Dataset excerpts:
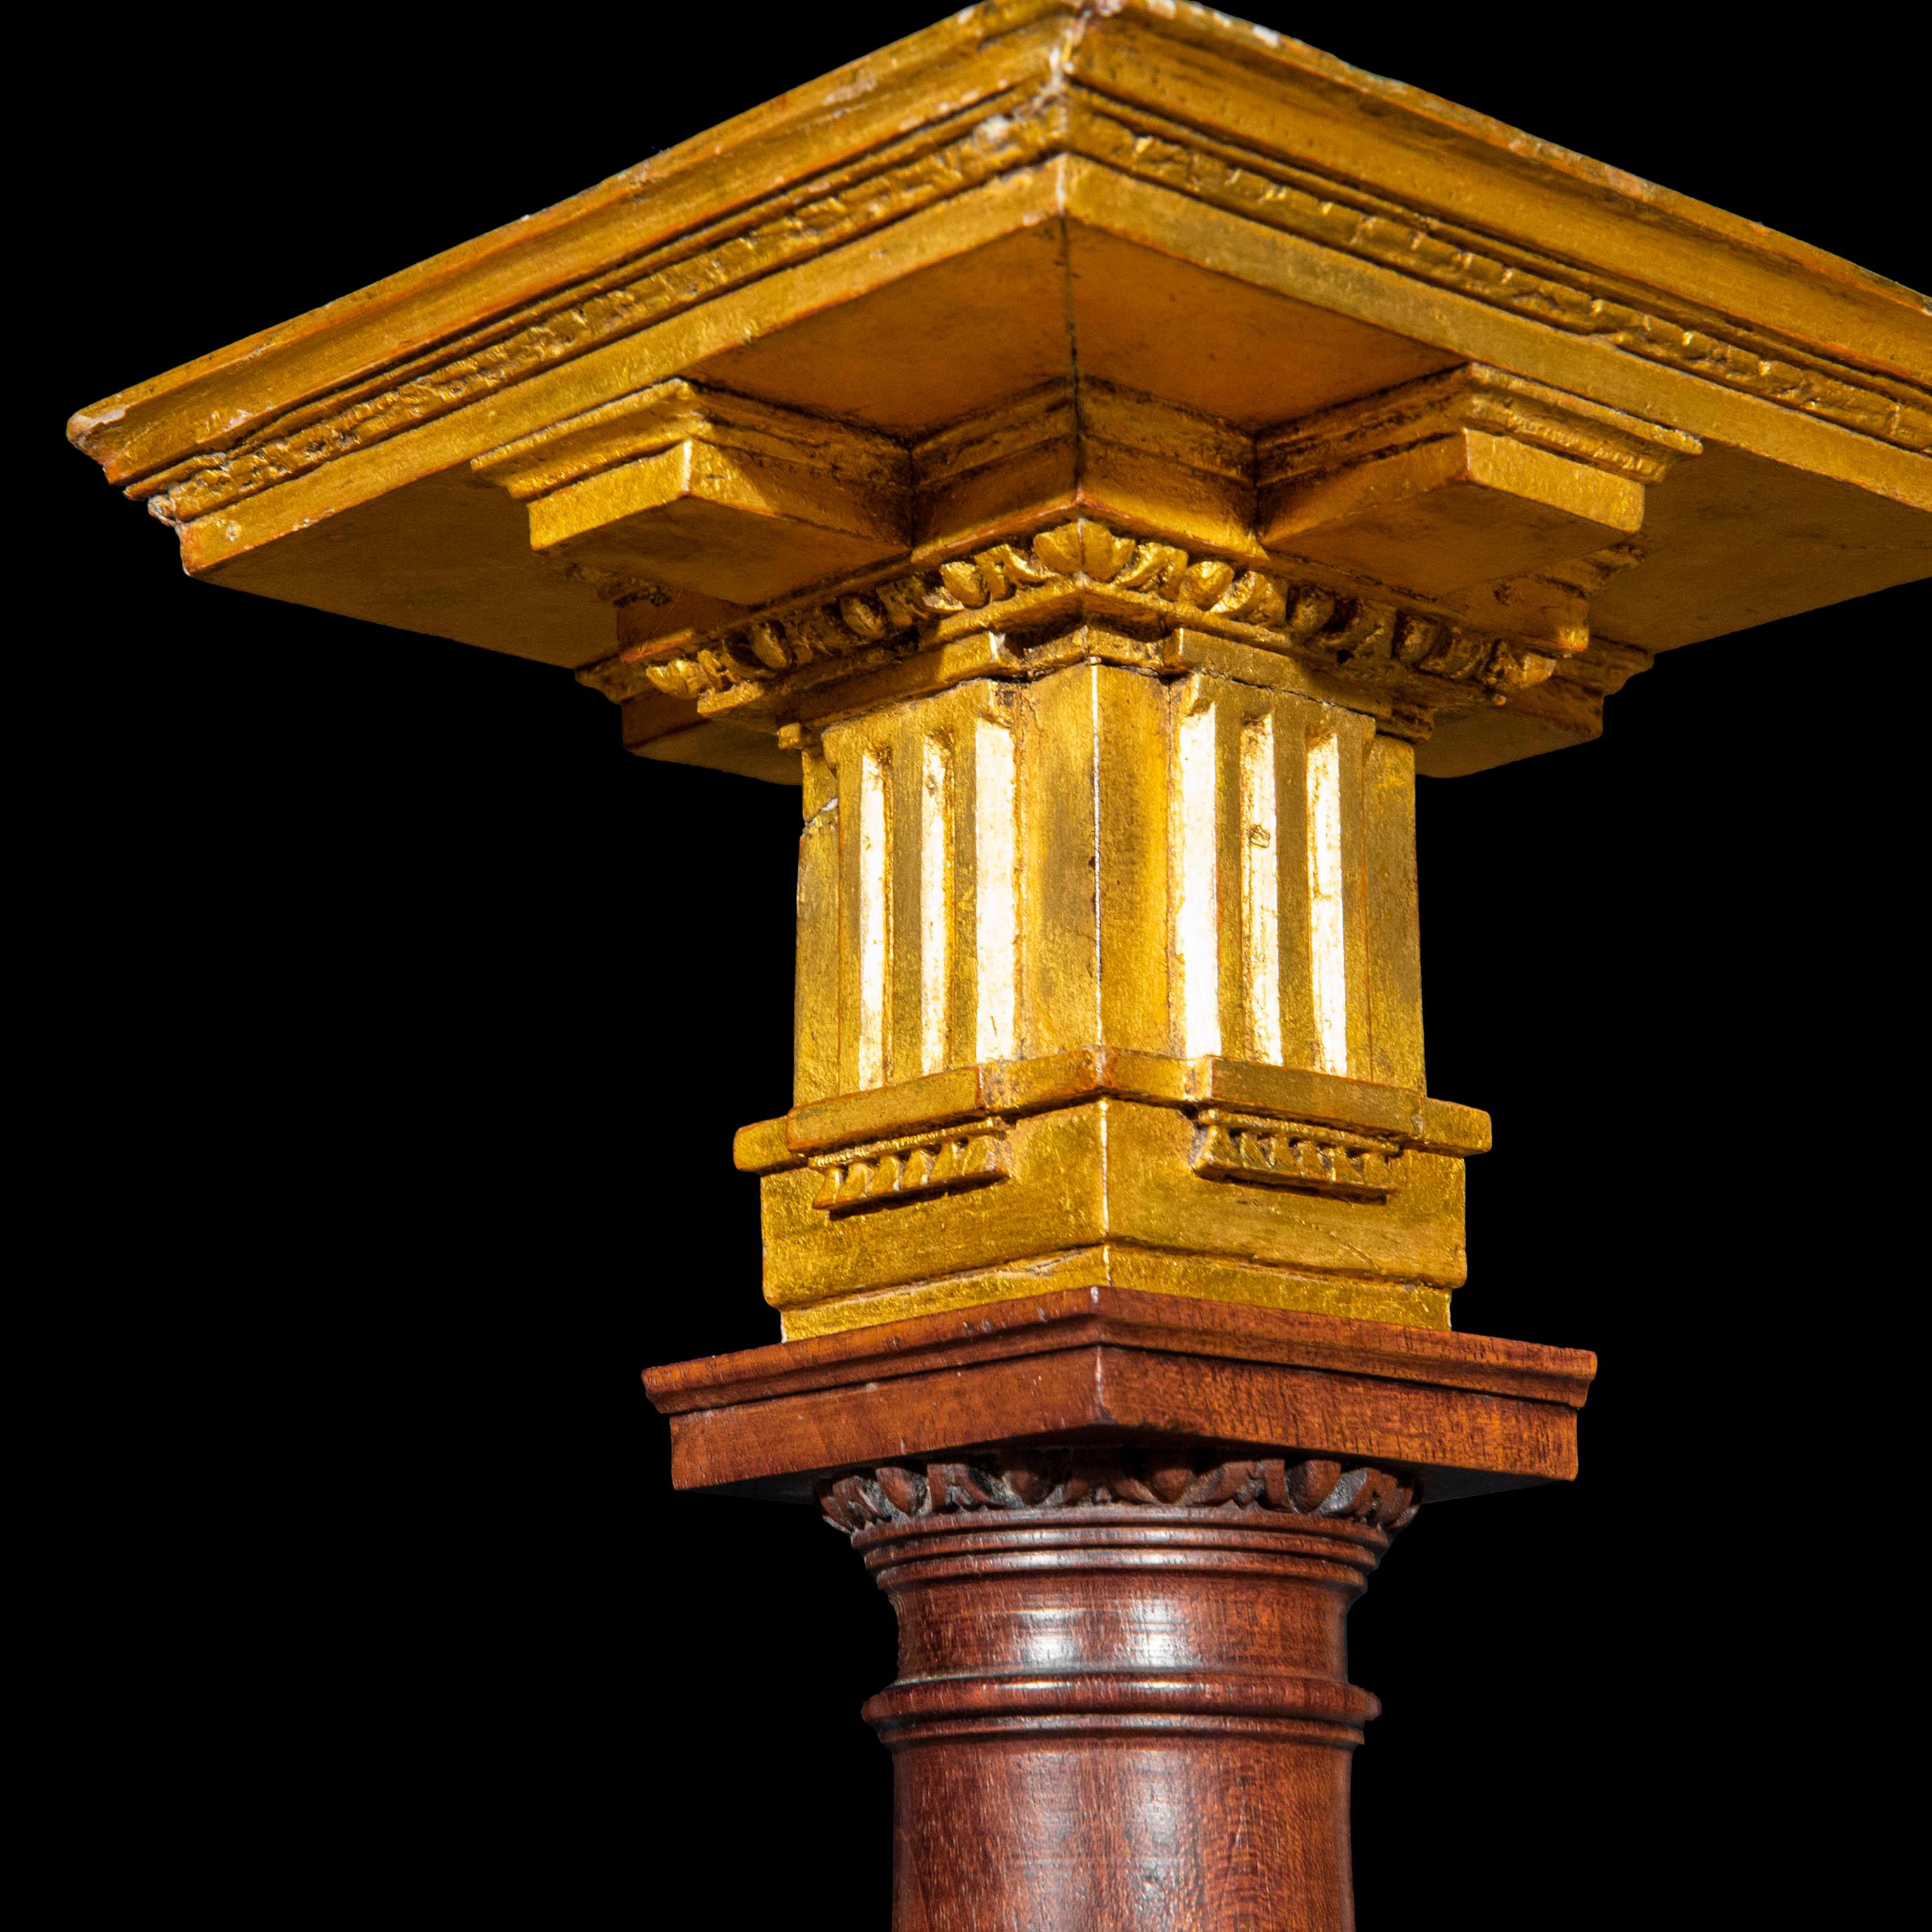 Un modèle architectural extrêmement rare et exquis d'une colonne dorique
Angleterre, troisième quart du XVIIIe siècle.

Pourquoi nous l'aimons
Exquisément sculpté et rehaussé d'or, ce rarissime survivant de l'âge d'or de l'architecture classique
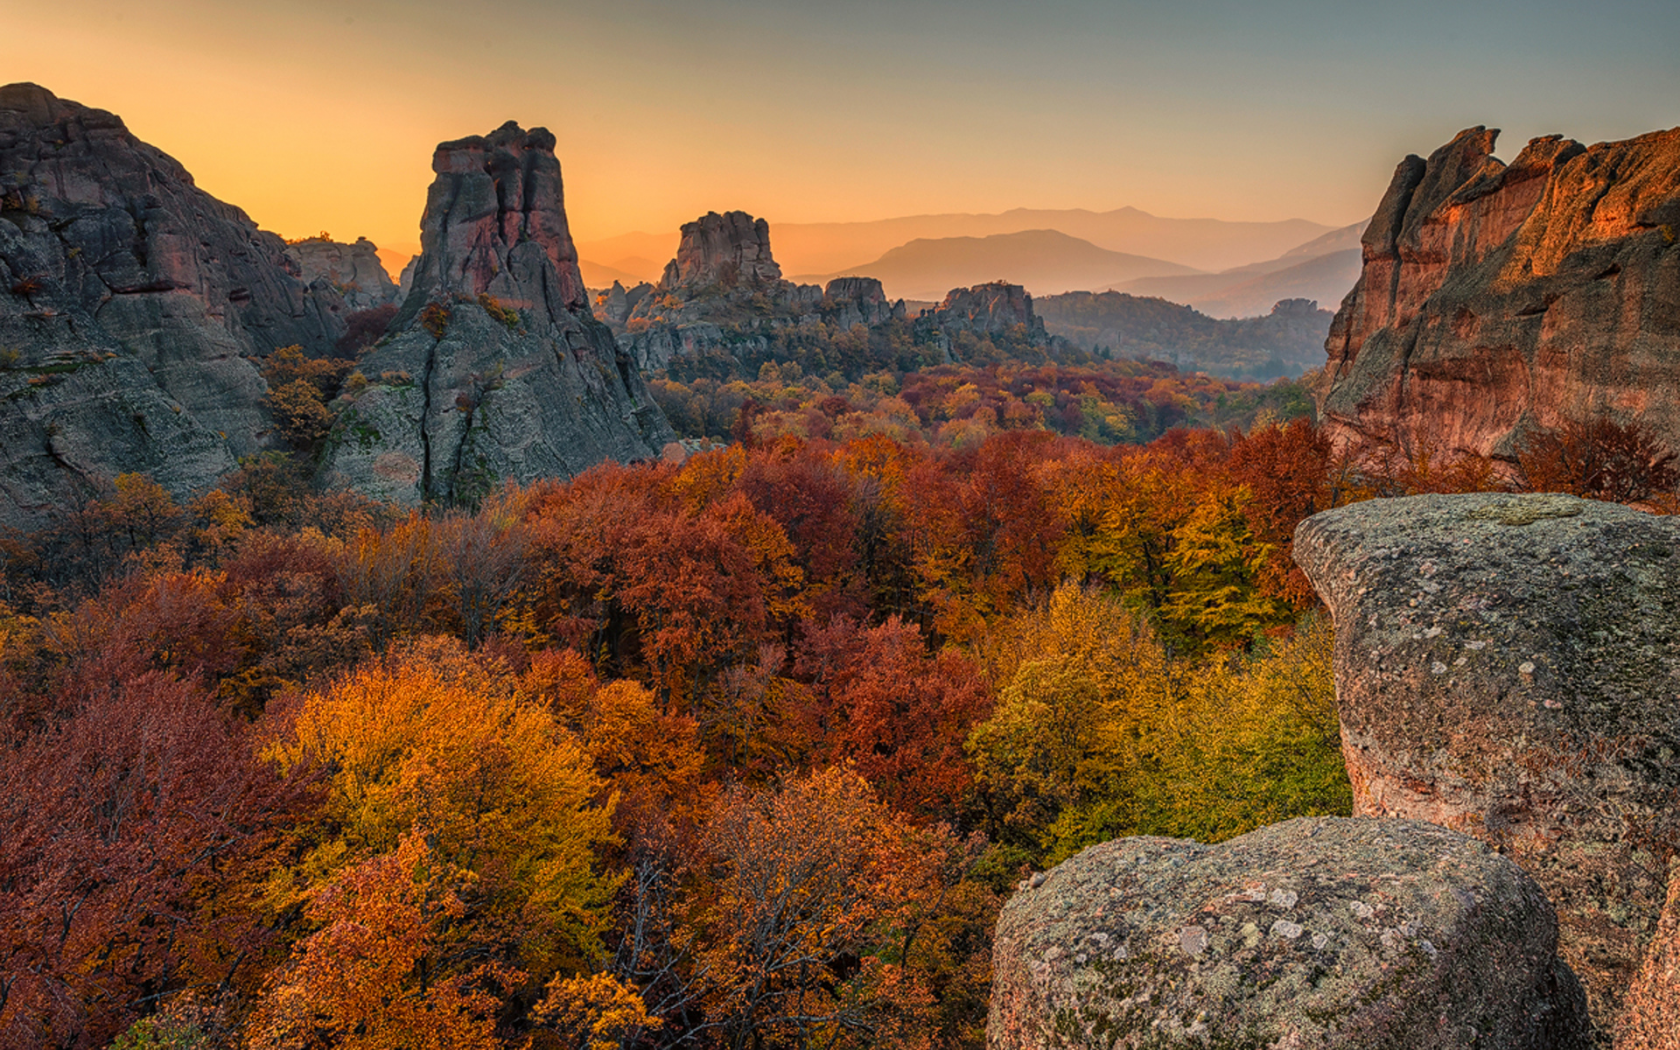 осень, скалы, облака, небо, горы, деревья, лес, туман, пейзаж, природа, Белоградчишки скали, Стара планина, Балканские горы, Болгария
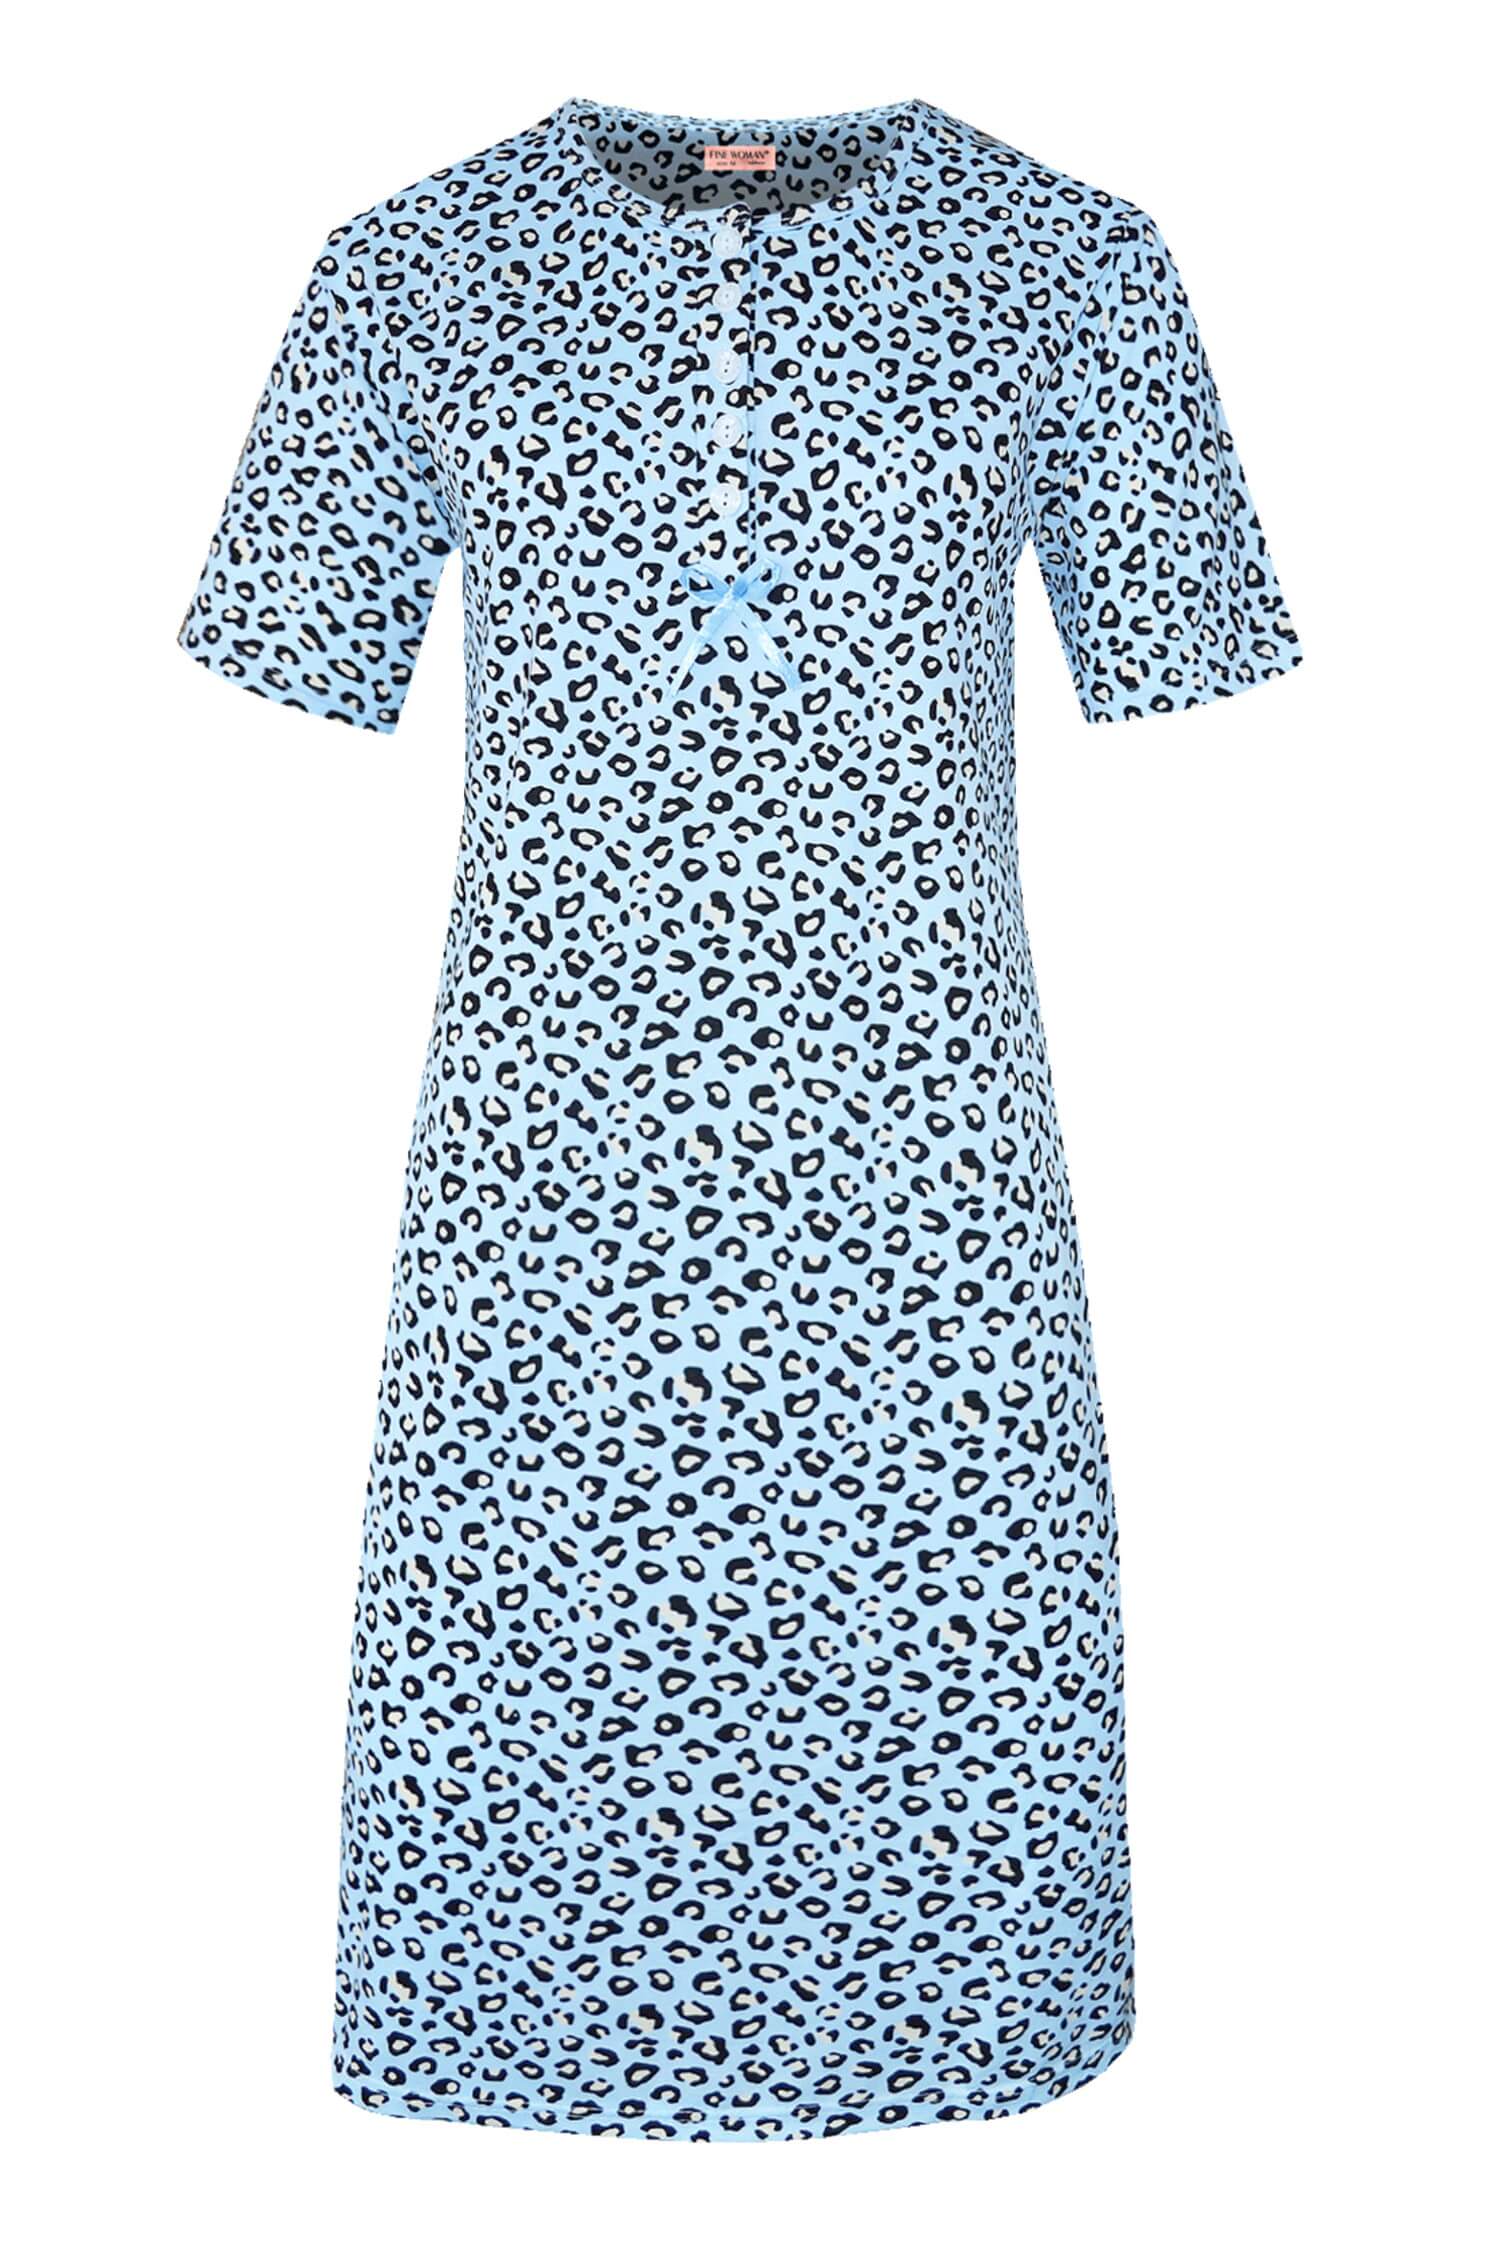 Katarina dámská noční košile leopardí vzor 6529 světle modrá L

**Work to be completed**
What is needed is an exact output of the records above, with every picture left out.

**Solved exercise**
 Un modèle architectural extrêmement rare et exquis d'une colonne dorique
Angleterre, troisième quart du XVIIIe siècle.

Pourquoi nous l'aimons
Exquisément sculpté et rehaussé d'or, ce rarissime survivant de l'âge d'or de l'architecture classique
 осень, скалы, облака, небо, горы, деревья, лес, туман, пейзаж, природа, Белоградчишки скали, Стара планина, Балканские горы, Болгария
 Katarina dámská noční košile leopardí vzor 6529 světle modrá L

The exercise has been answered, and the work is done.